4.1.3 Comparison of distributions

  • Comparison of two or more lifetime distributions is often of interest in practice

  • For comparing two or more independent exponential distributions, different methods of hypothesis tests and confidence intervals are available

Likelihood ratio tests

  • Let \(T_{ij}\) be the lifetime corresponding to the \(j\)th subject of the \(i\)th group \((i=1, \ldots, m;\;j=1, \ldots, n_i)\)

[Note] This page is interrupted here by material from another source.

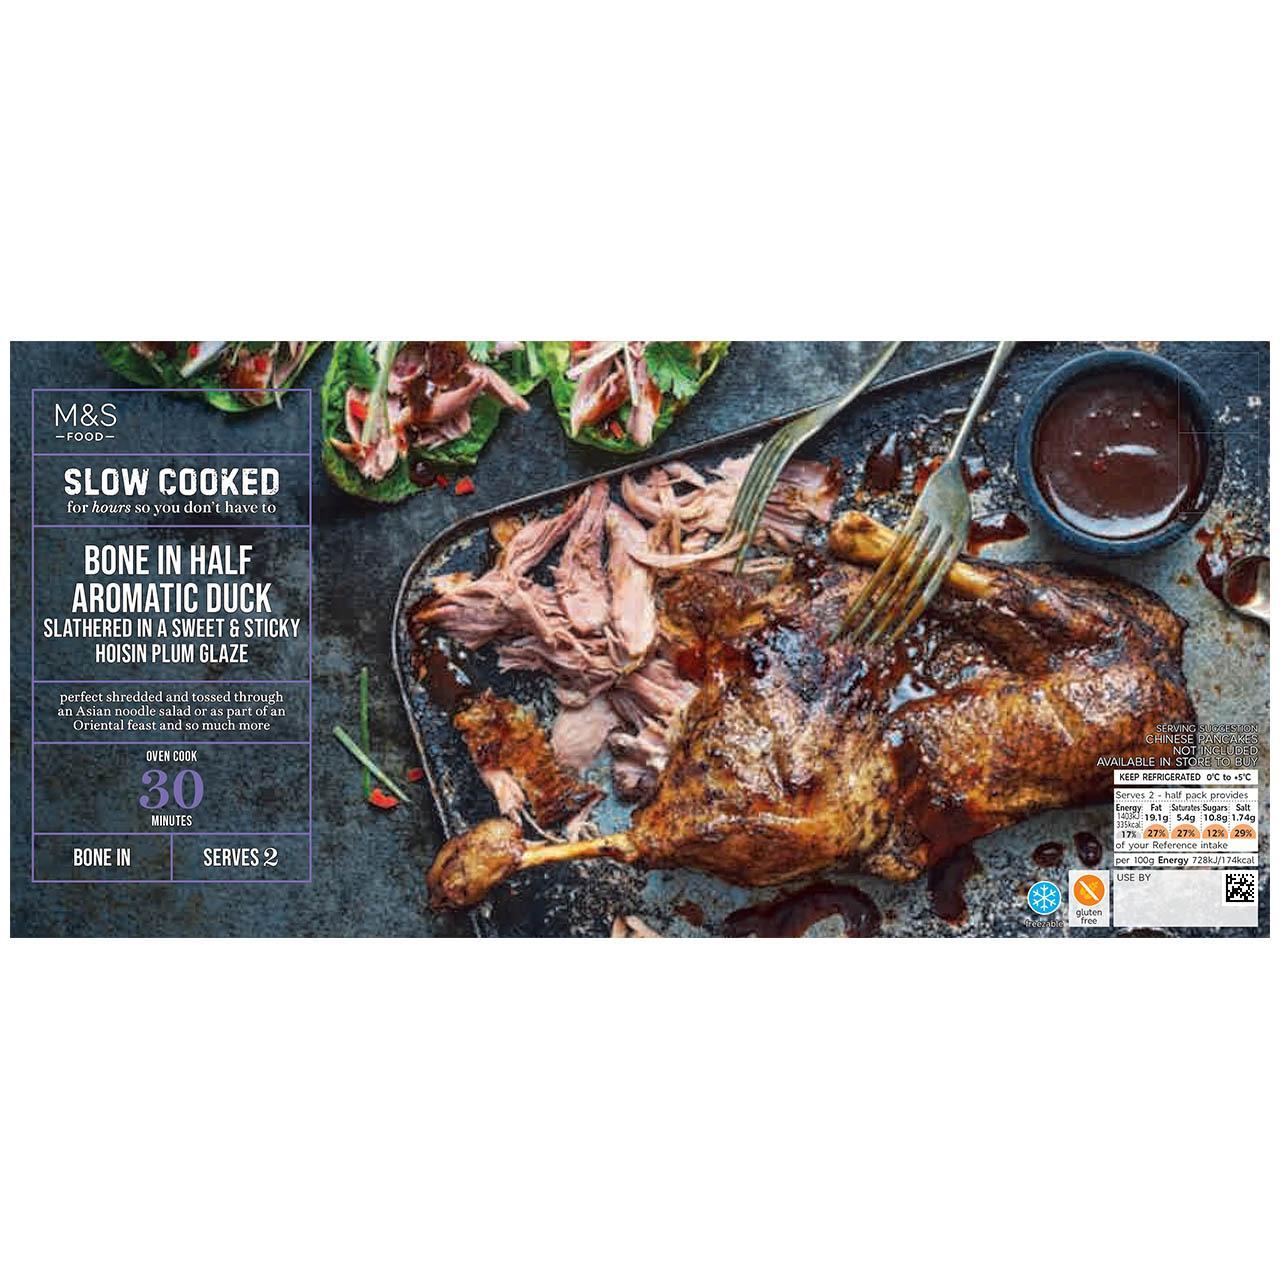 M&S Slow Cooked Aromatic Bone In Half Duck

  • Assume \(T_{ij}\sim \text{Exp}(\theta_i)\) and the null hypothesis of interest \[ H_0: \theta_1 = \cdots = \theta_m \]

  • Data: \[\{(t_{ij}, \delta_{ij}), i=1, \ldots, m; j=1, \ldots, n_i\}\]

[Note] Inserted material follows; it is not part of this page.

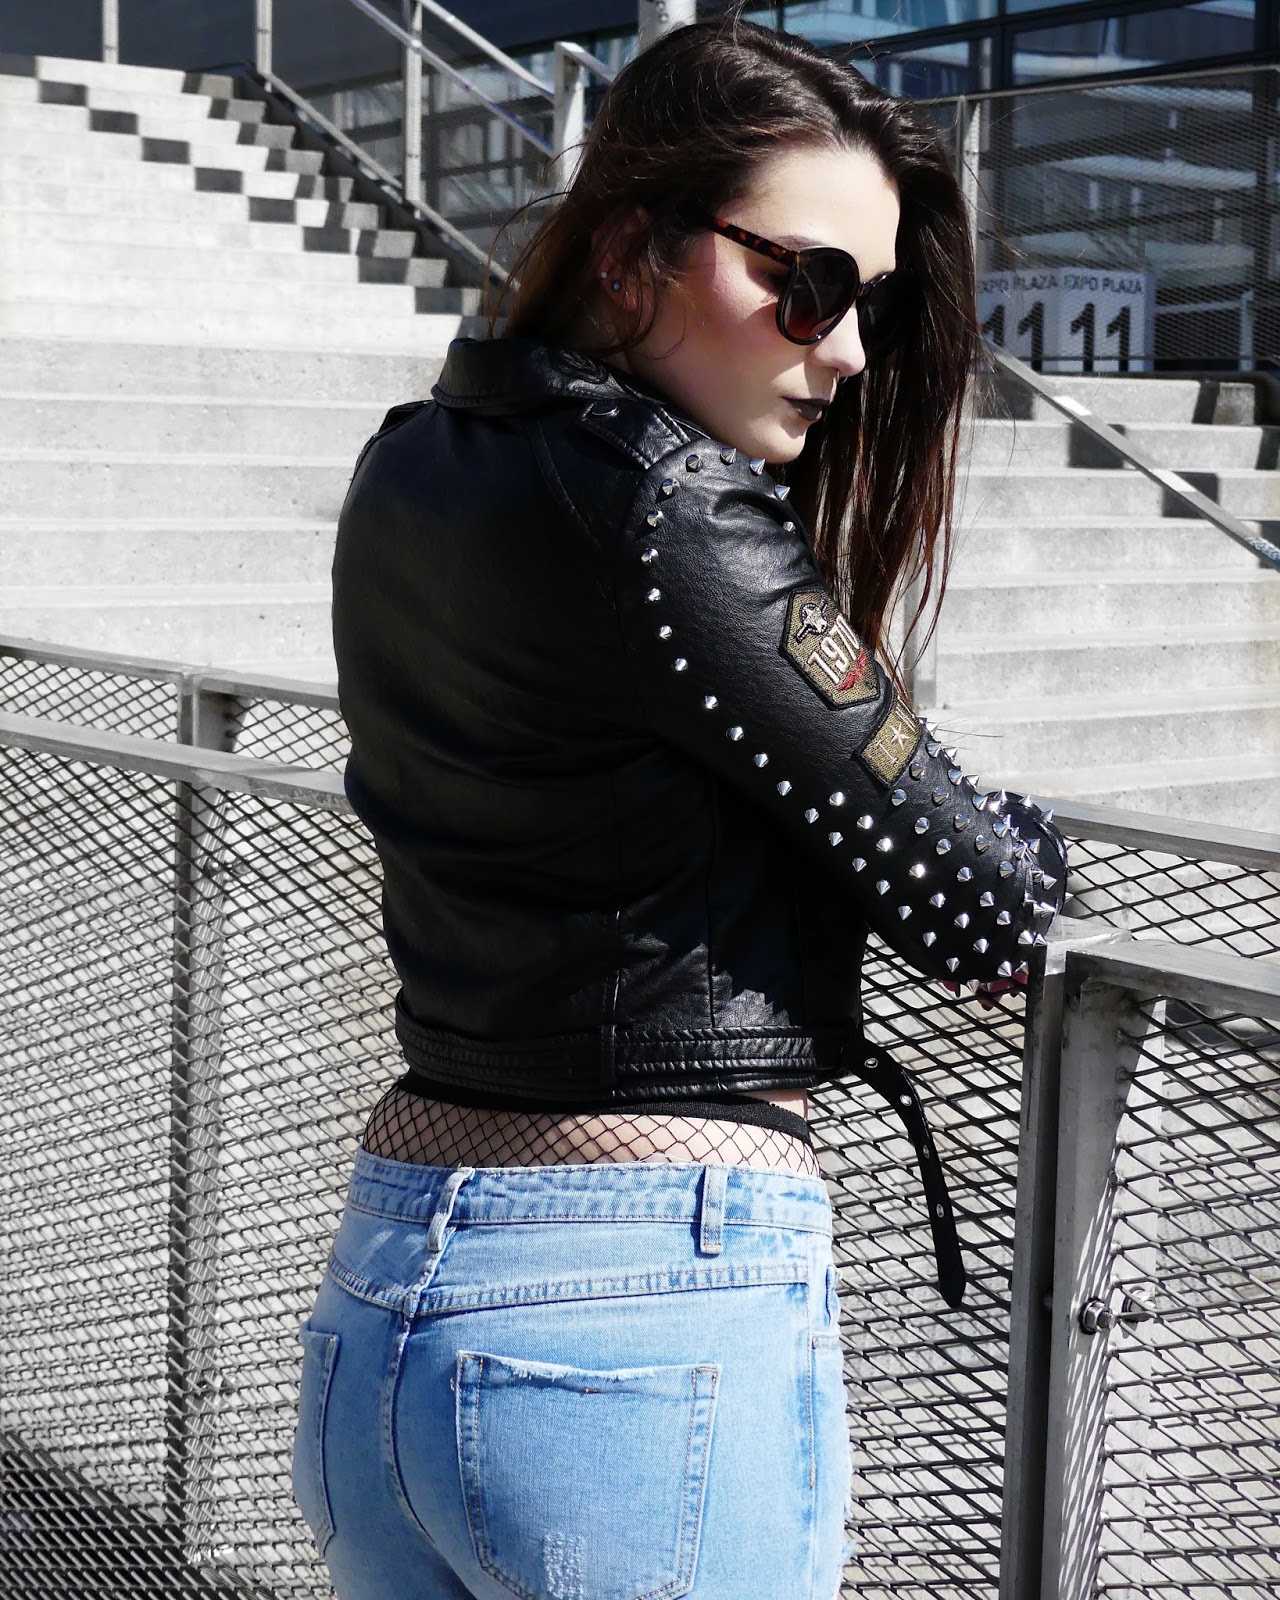 Get the Look - Boyfriend Jeans mit Cut-Outs

  • The likelihood function for \(\boldsymbol{\theta}=(\theta_1, \ldots, \theta_m)'\) \[ \begin{aligned} L(\boldsymbol{\theta}) &= \prod_{i=1}^m\prod_{j=1}^{n_i} \Big[f(t_{ij}; \theta_i)\Big]^{\delta_{ij}}\Big[S(t_{ij}; \theta_i\Big]^{1-\delta_{ij}} \\ & = \prod_{i=1}^m\prod_{j=1}^{n_i} \Big[\frac{1}{\theta_i}\Big]^{\delta_{ij}}\,e^{-t_{ij}/\theta_i} \end{aligned} \]

  • The corresponding log-likelihood function \[\begin{align}\label{logL-theta-m} \ell(\boldsymbol{\theta}) = -\sum_i\sum_j \Big[(t_{ij}/\theta_i) + \delta_{ij}\log(\theta_i)\Big] \end{align}\]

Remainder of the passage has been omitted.